As of last October, there were 1,856 Cambodian nationals in the U.S. with final orders of removal, which means they’re slated for deportation. About 1,300 of them had criminal convictions, according to ICE spokesman Brendan Raedy.
Herod said the Khmer Vulnerability Aid Organization is expecting to welcome 200 new returnees this year, based on guidance from U.S. officials. To prepare for the surge, the organization has rented a new transitional housing facility that can accommodate 50 people. In the past, the group has typically welcomed fewer than 10 people at a time. Last year, it received its largest group of 43 returnees in April.

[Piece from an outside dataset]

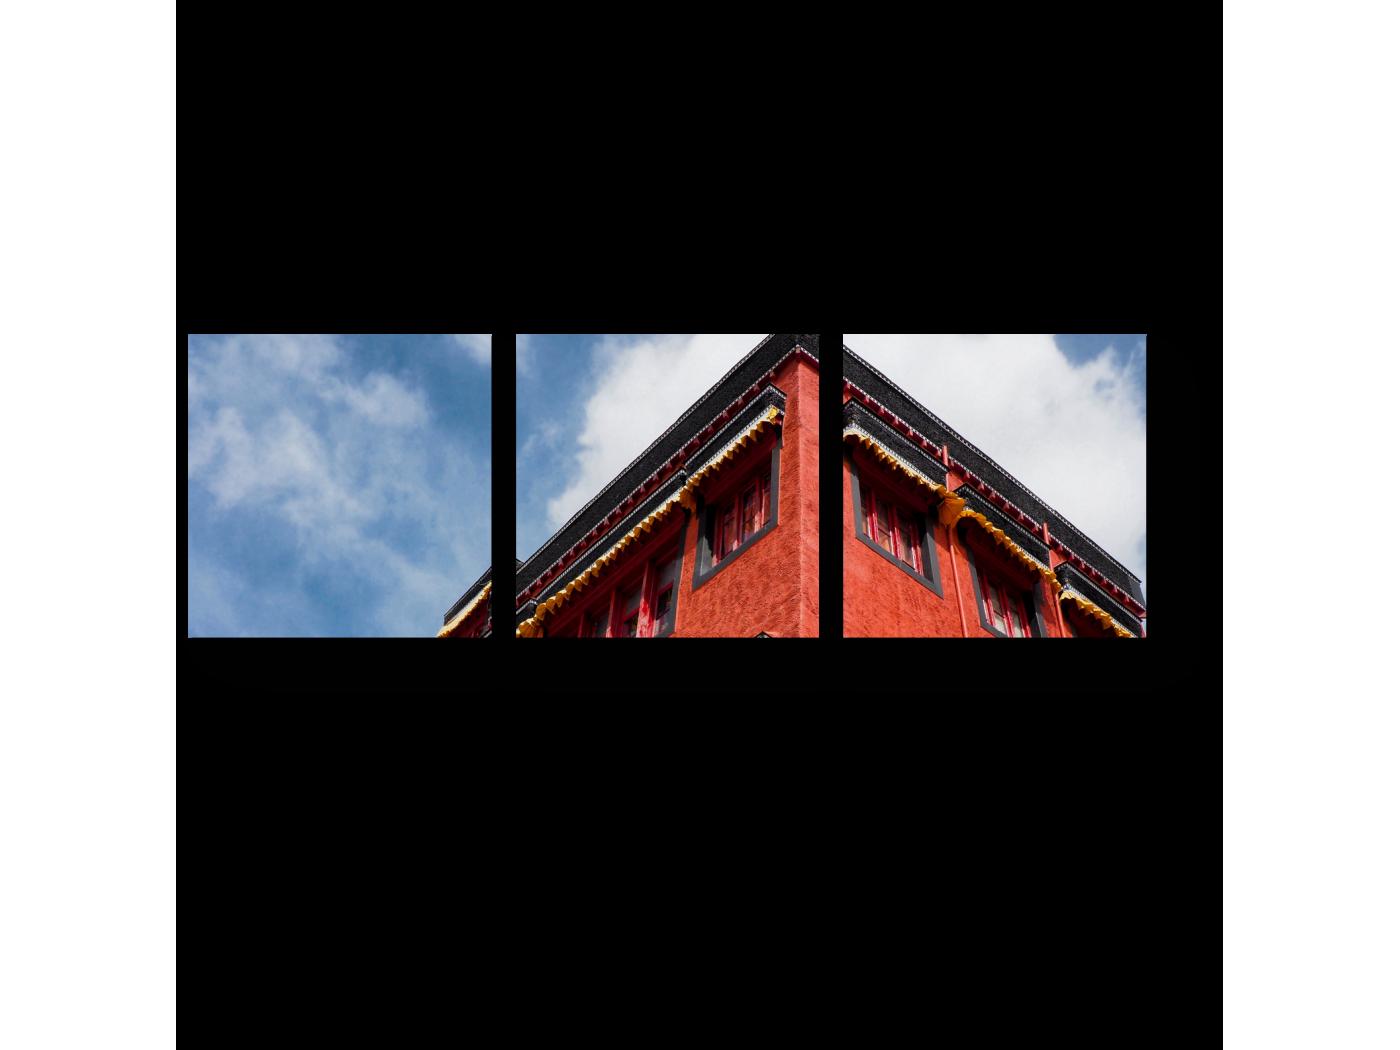 Модульная картина Тибетская архитектура (60x20) фото

In the U.S., advocacy groups are continuing to protest the deportation of Cambodian nationals, many of whom arrived after fleeing war in Southeast Asia in the 1970s. Last month, dozens of organizations participated in events held across 15 cities to raise awareness about how mass incarceration in the U.S. has led to the deportation of Southeast Asian Americans.
“For me, this whole thing is very inhumane,” Borey “PJ” Ai, 37, a Cambodian national at risk of deportation, said.
When Ai was 14, he shot and killed a convenience store worker during a robbery — the shooting was an accident, according to his lawyers. He was prosecuted as an adult, convicted of second-degree murder and sentenced to 25 years to life in prison, the San Francisco Chronicle reported. While behind bars, he began organizing counseling programs and got a college degree. After his release, he became a state-certified drug and alcohol counselor.
If he were sent to Cambodia, Ai worries he wouldn’t be able to blend in because he doesn’t speak, read or write Khmer. He also wouldn’t have family to turn to.
Ai applied for a pardon that was blocked last year by the California Supreme Court.
“I feel like ICE isn’t being fair,” he said. “We’re all human beings. We matter.”